[RPG] Would other PCs eventually notice two rogues talking in Thieves’ Cant

dnd-5elanguages

I have two PCs in the party that know Thieves' Cant and they constantly talk to each other and pass secrete messages to each other via Thieves' Cant. Another player thought that because Thieves' Cant is being used so often he should have a chance to recognize that something more is being said, he has not suggested he would know the hidden message but that perhaps notice that a message or something was being added to the normal conversation.

The PHB states:

… a secret mix of dialect, jargon and code allows you to hide messages in seemingly normal conversation. Only another creature that knows thieves' cant understands such messages. It takes four times longer to convey such a message than it does to speak the same idea plainly.
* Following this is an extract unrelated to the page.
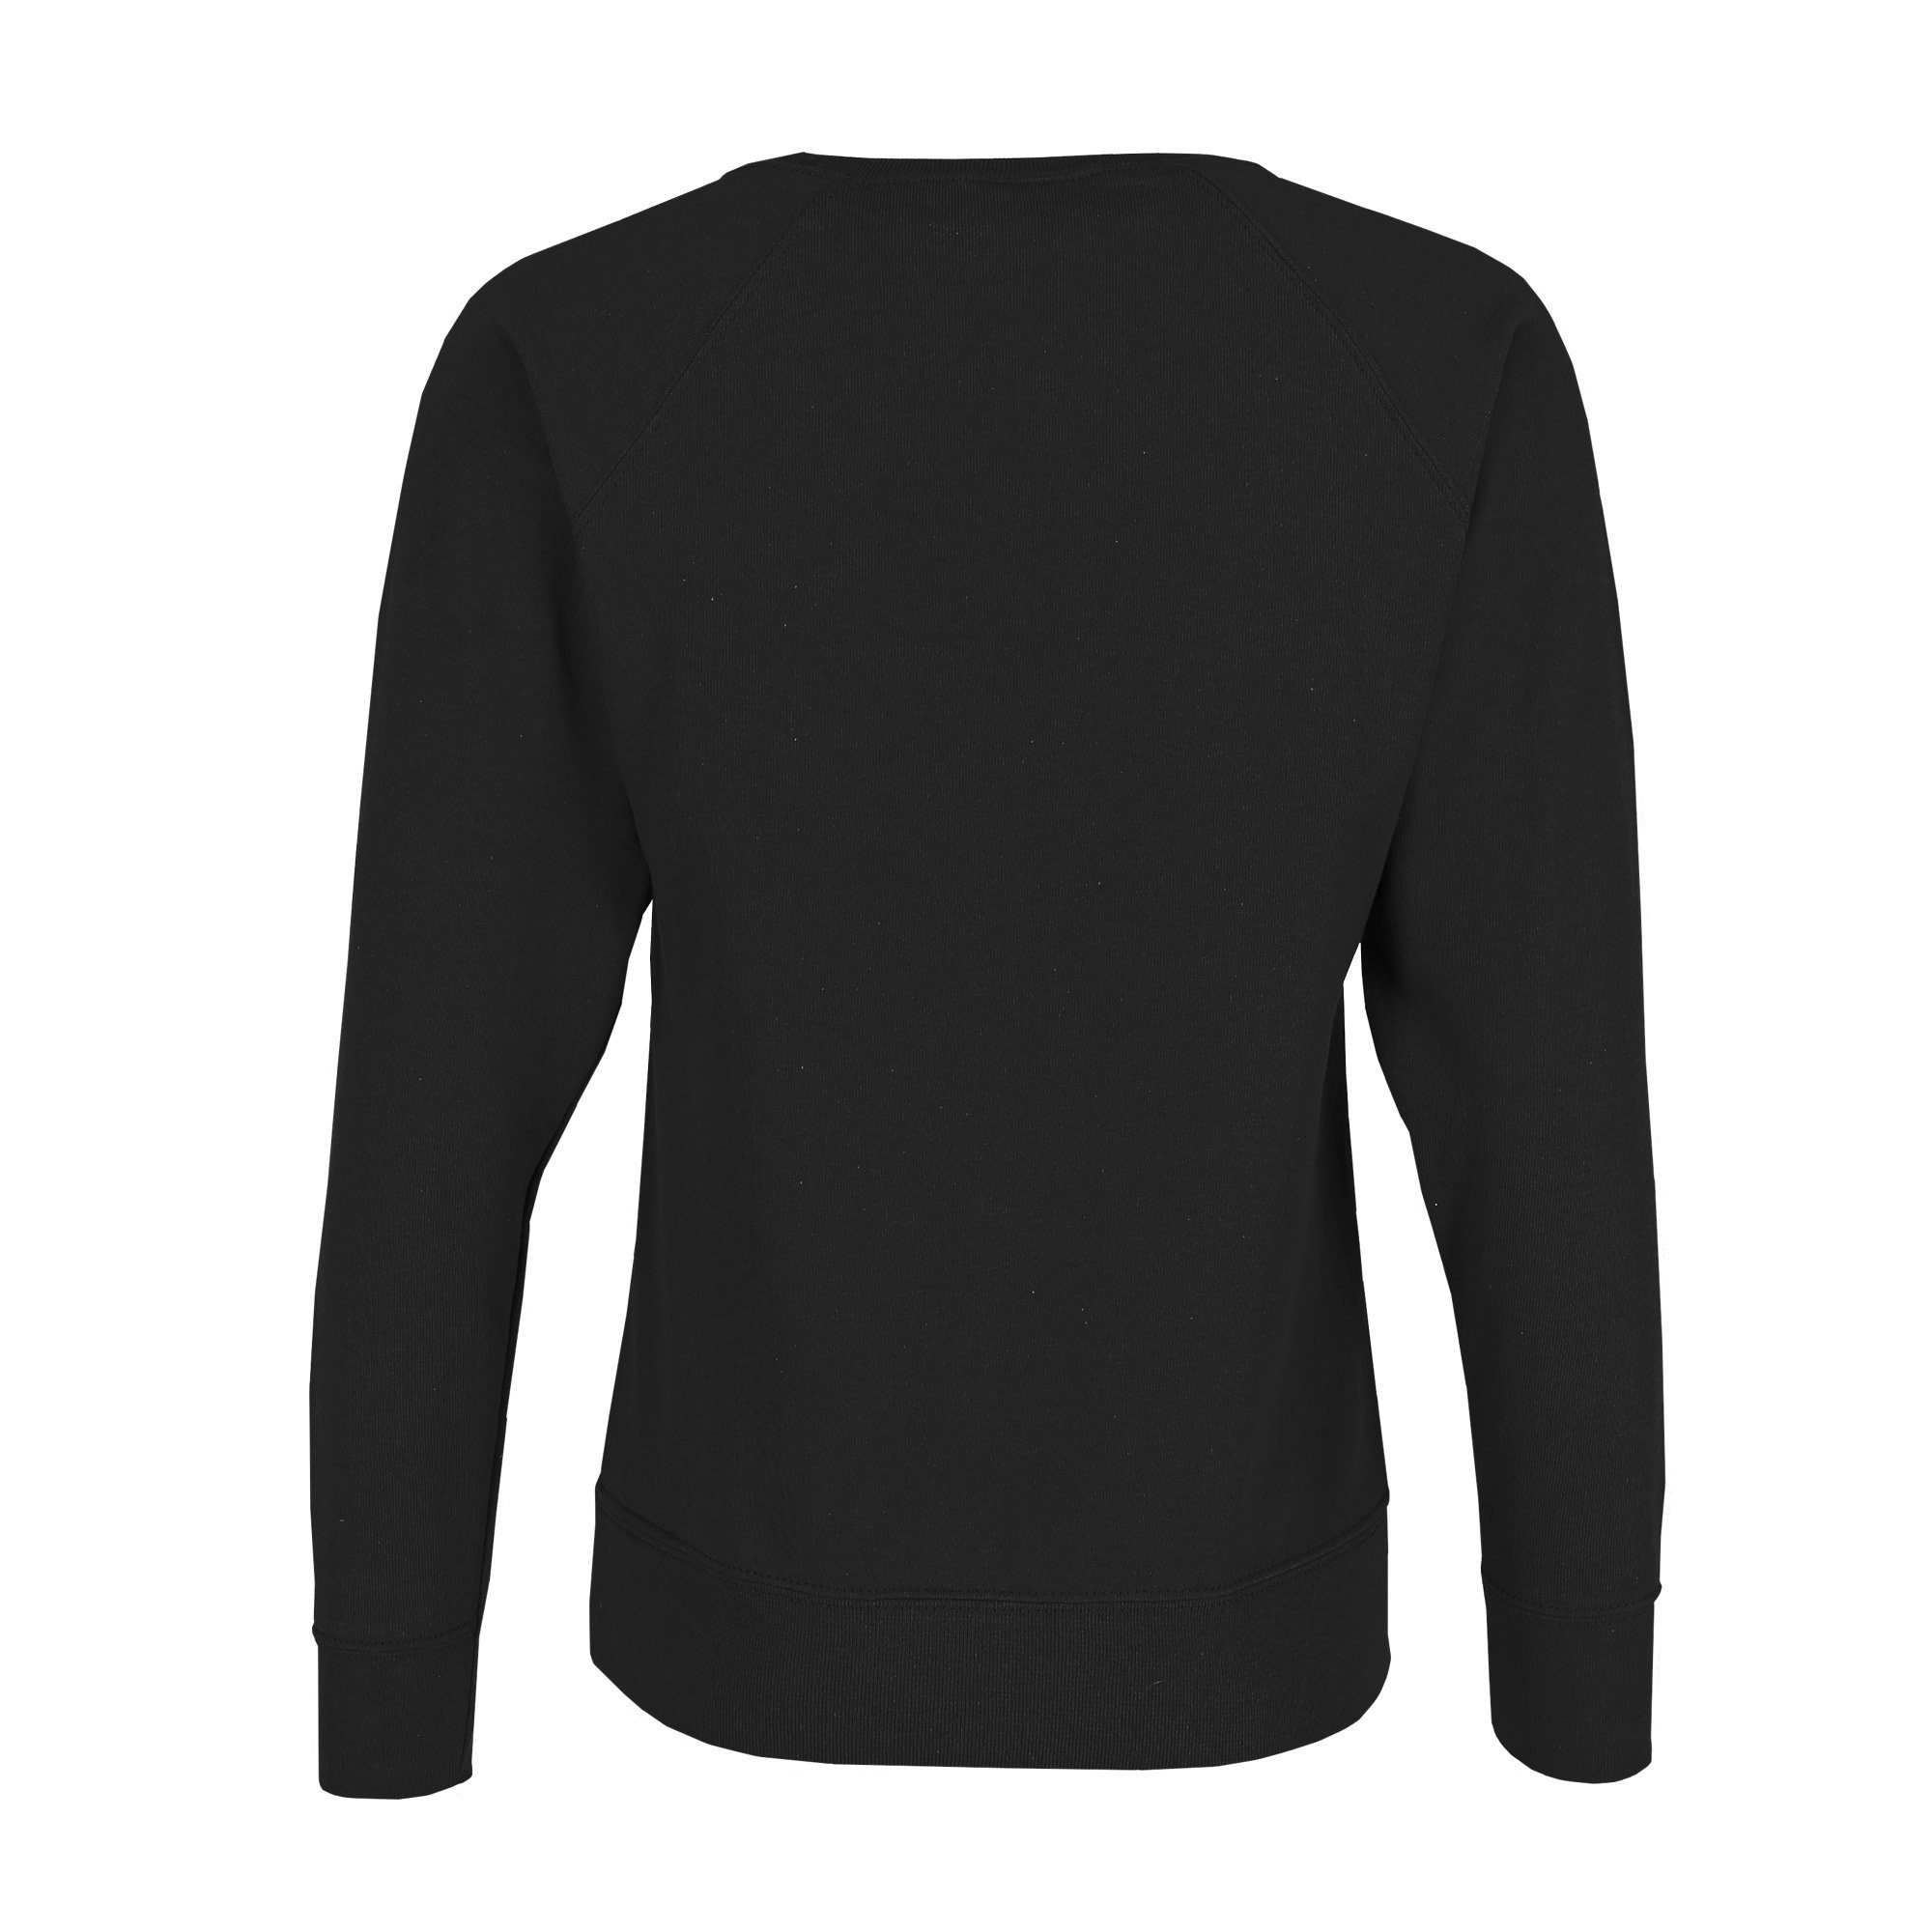 Fruit schwarz leichtes Sweatshirt mit of the Loom Sweatshirt Damen Vintage-Logo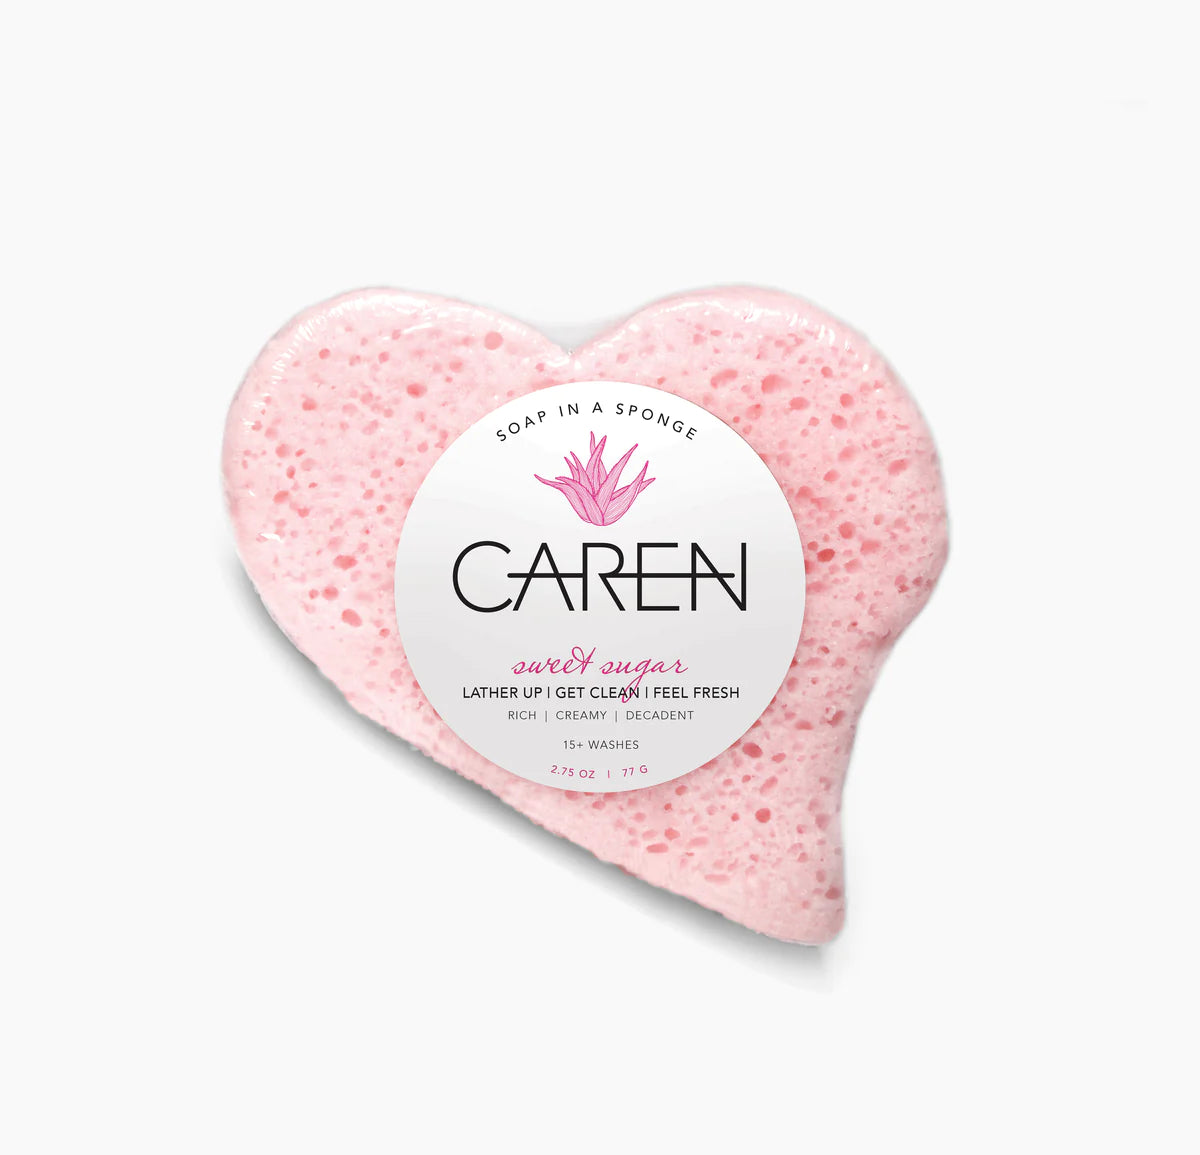 Caren "Sweet Sugar" soap sponge in the shape of a pink heart.

His reasoning is that mixing in the jargon, dialect, etc would make the conversations seem odd and allow him to start figuring out they are not normal conversations after a while. He also stated that Thieves' Cant can only be understood by the listener if they were clued in that there was a secret message but he did not provide any grounds for it.

Is he right on these two points or is Thieves' Cant done in such a way that anyone knowing it will pickup the message with out prompt and anyone listening in over and over on multiple conversations would never pick it up?

Best Answer

No, because the point of Thieves' Cant is that observers can't tell it's being used. The conversations being lengthy isn't a giveaway either, since that just means that the conversations the messages hide in are normal length and the Cant message is ¼ the length of the carrier message. For longer Cant messages, just talk more about mundane things like your sister's guild training or that horse you were admiring in the last town.


But even if we assume (or it's been house-ruled) that a listener can tell when Cant is and isn't being used, just not what the message is…

Still no, not if they're using Thieves' Cant properly. To use Thieves' Cant properly, you have to use it all the time with your fellow rogues, just as part of normal casual conversations with them, so that even if someone twigs that the conversations are “not normal”, you don't give away why you're using Cant by presenting an obvious pattern. If the only time a pair of rogues use Thieves' Cant is when they're up to no good, even the most Lawful Stupid paladin can figure out that “unusual conversations = I should start interfering!”

When it's used all the time between the two rogues, even someone who has learned to recognise the use of Cant won't be able to tell that they're up to mischief. It's definitely not grounds for making intuition checks or anything to figure out that something is up. When every conversation between the rogues is “not normal”, then it stops being suspicious.

Part of the point of Thieves' Cant is that knowing that there's a secret meaning is not the same thing as knowing that there's an important secret meaning. Two rogues bantering using Cant could as easily be talking about inconsequential things — ribbing each other, cracking jokes, discussing last night's hangover — as they could be talking about real plans. When all the talk between two rogues is laced with impenetrable jargon and slang, nobody can tell when to be concerned and when it's innocent.

The same principle is observed in modern cryptography — if you only encrypt sensitive messages, then anyone monitoring you knows when you're discussing sensitive topics and can probably figure out the message based on context, like time, other activity, and receiver.

Thieves who speak in Thieves' Cant only when they're discussing doing something improper aren't very good at being thieves.